The accuracy of a supervised classification is dependent to a large extent on the training data used. The aim in training is often to capture a large training set to fully describe the classes spectrally, commonly with the requirements of a conventional statistical classifier in mind. However, it is not always necessary to provide a complete description of the classes, especially if using a support vector machine (SVM) as the classifier. An SVM seeks to fit an optimal hyperplane between the classes and uses only some of the training samples that lie at the edge of the class distributions in feature space (support vectors). This should allow the definition of the most informative training samples prior to the analysis. An approach to identify informative training samples was demonstrated for the classification of agricultural classes in south‐western part of Punjab state, India. A small, intelligently selected, training dataset was acquired in the field with the aid of ancillary information. This dataset contained the data from training sites that were predicted before the classification to be amongst the most informative for an SVM classification.
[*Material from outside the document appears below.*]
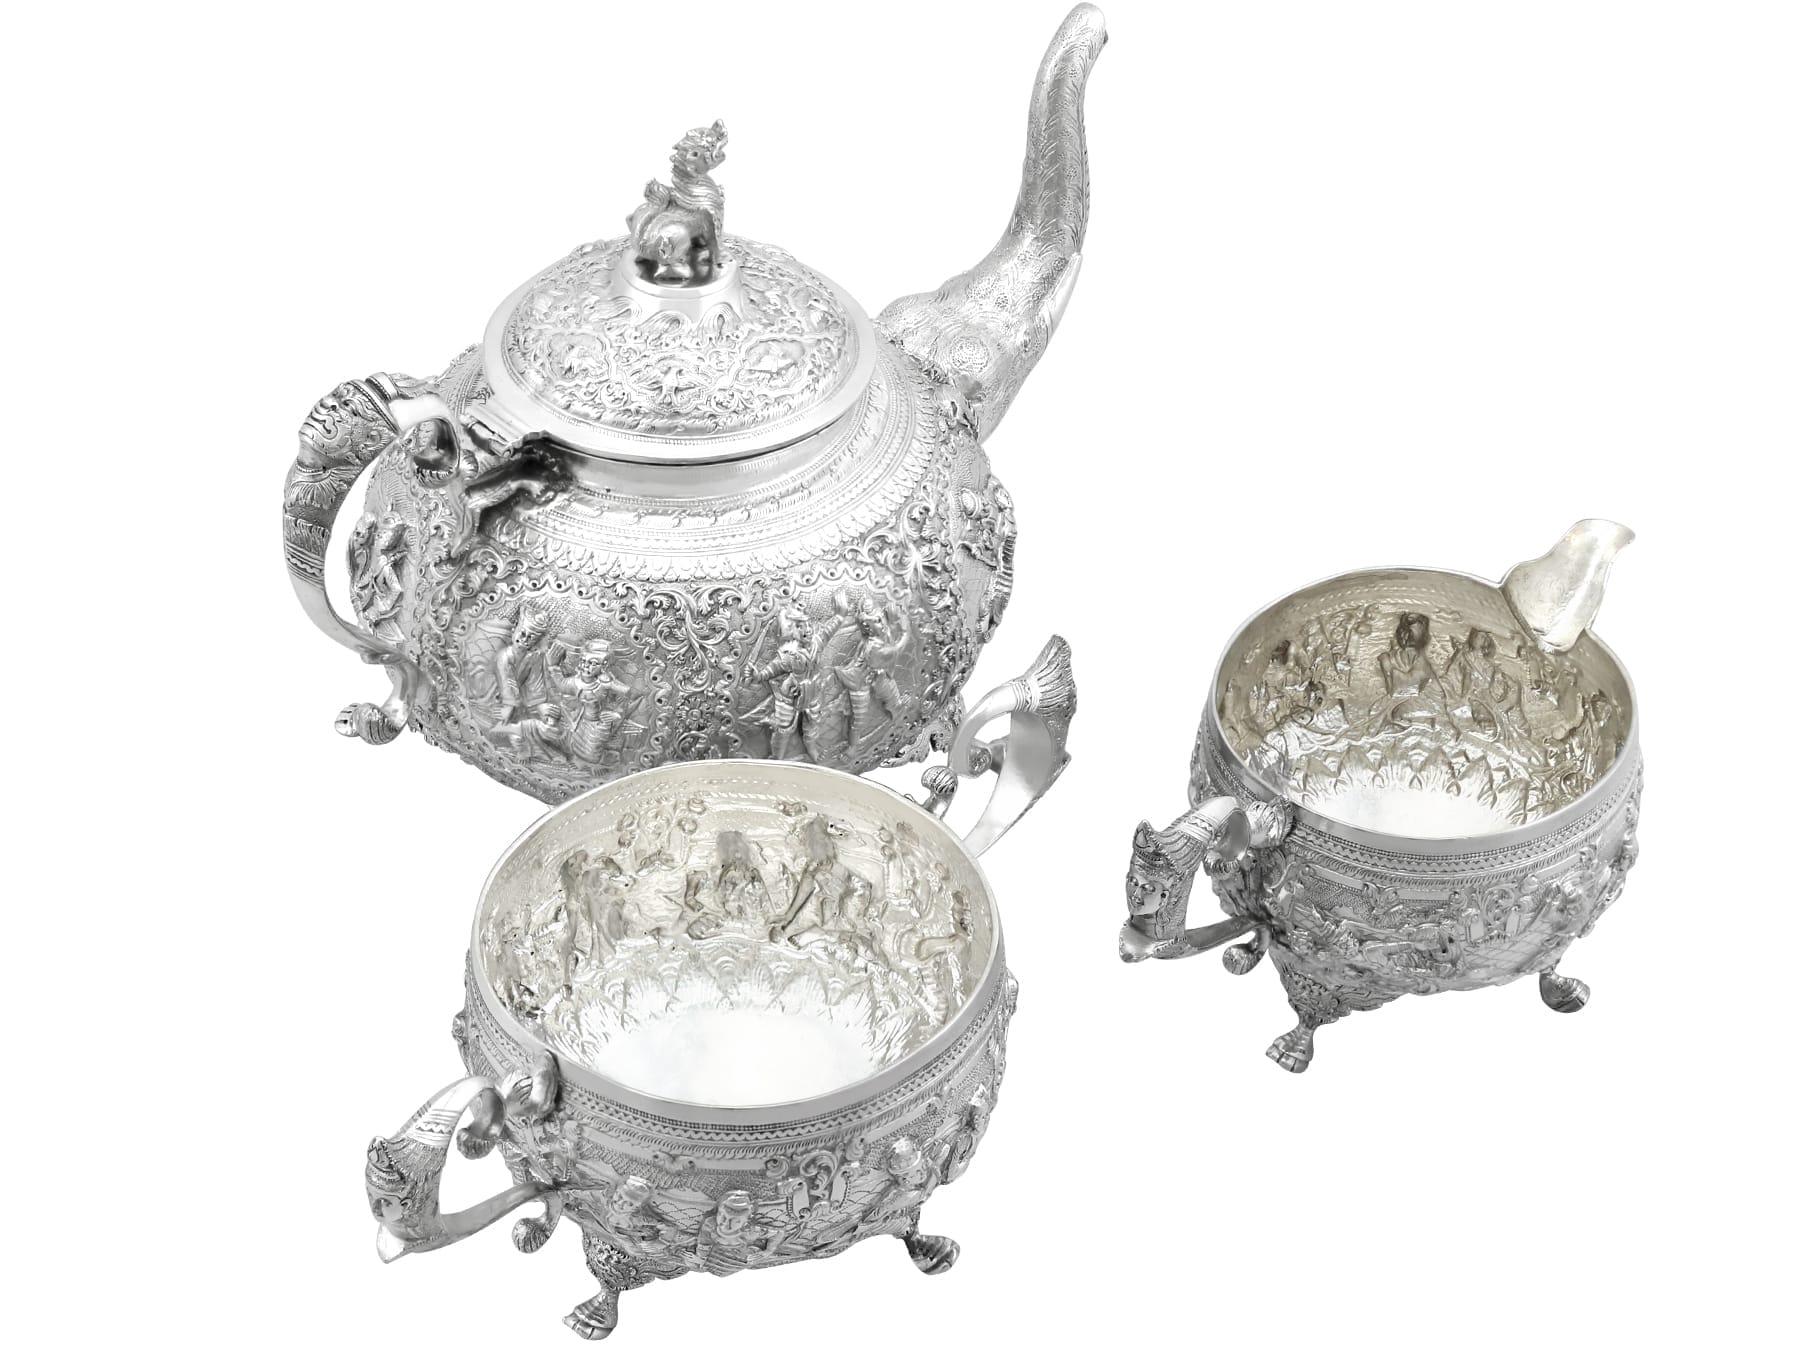  Antique Indian Silver Three Piece Tea Service In Excellent Condition For Sale In Jesmond, Newcastle Upon Tyne
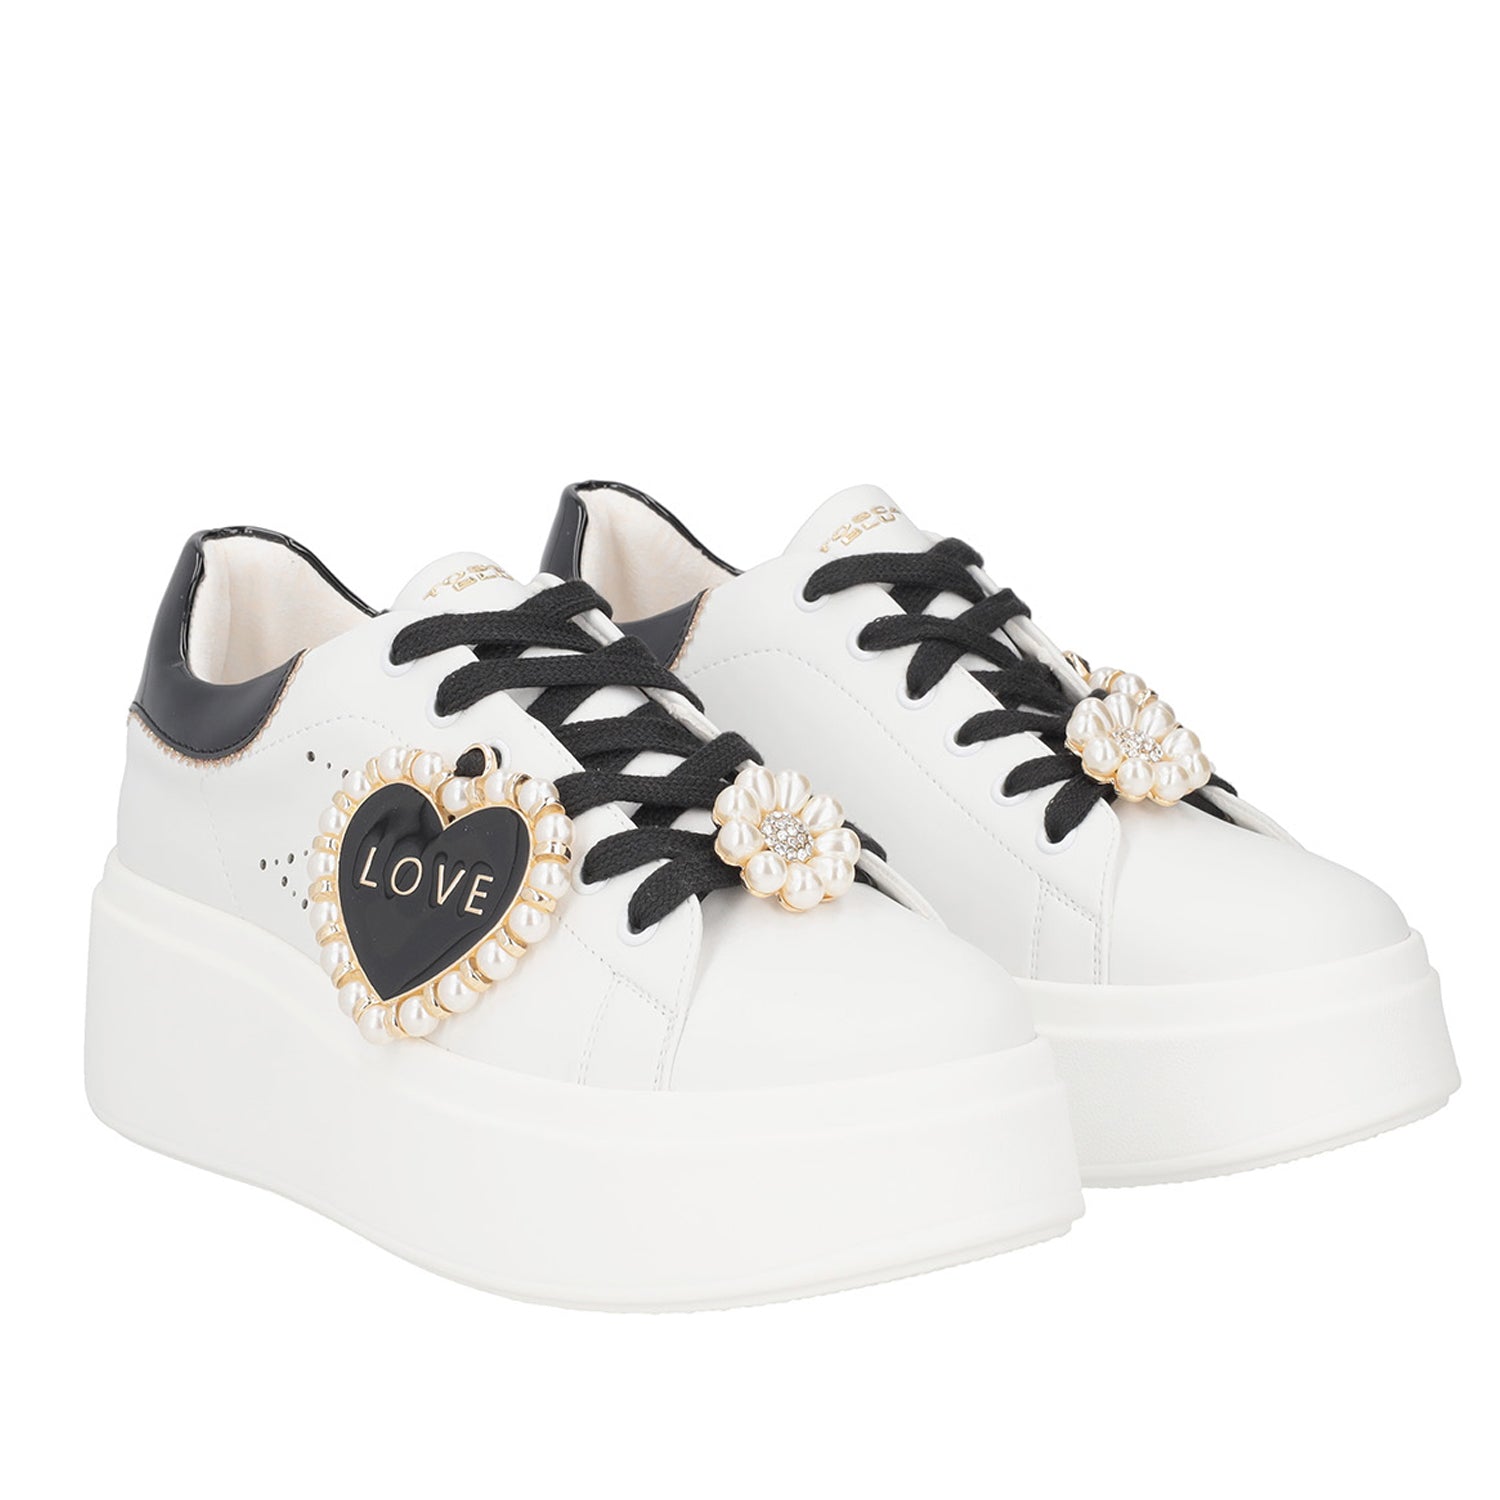 WHITE/BLACK VANITY SNEAKER WITH HEARTS AND PEARLS

The intelligent training collection scheme yielded a classification of comparable accuracy, ∼91%, to one derived using a larger training set acquired by a conventional approach. Moreover, from inspection of the training sets it was apparent that the intelligently defined training set contained a greater proportion of support vectors (0.70), useful training sites, than that acquired by the conventional approach (0.41). By focusing on the most informative training samples, the intelligent scheme required less investment in training than the conventional approach and its adoption would have reduced the total financial outlay in classification production and evaluation by ∼26%. Additionally, the analysis highlighted the possibility to further reduce the training set size without any significant negative impact on classification accuracy.

Acknowledgements

We are grateful to Dr P. K. Sharma, Director Punjab Remote Sensing Centre, Ludhiana for providing the facilities and support for the field visit and data used in the study. The help rendered by Mr P. K. Litoria, Dr D. C. Loshali and Mr Surjit Singh for the field visit is also duly acknowledged. The field information provided by agriculture departments, Tribune newspaper and the farming community in the study area is highly appreciated. The authors are also grateful to the Commonwealth Scholarship and Fellowship plan administered by the British Council for provision of a scholarship to support AM's work at the University of Southampton while on leave from Punjab Remote Sensing Centre, India. The research reported was initiated while AM and GMF were at the University of Southampton. The support vector machines were constructed with BSVM (version 2.01) software developed by Chih‐Wei Hsu and Chih‐Jen Lin, National University, Taipei. Finally, we are grateful to the reviewers for their constructive comments on the original submission.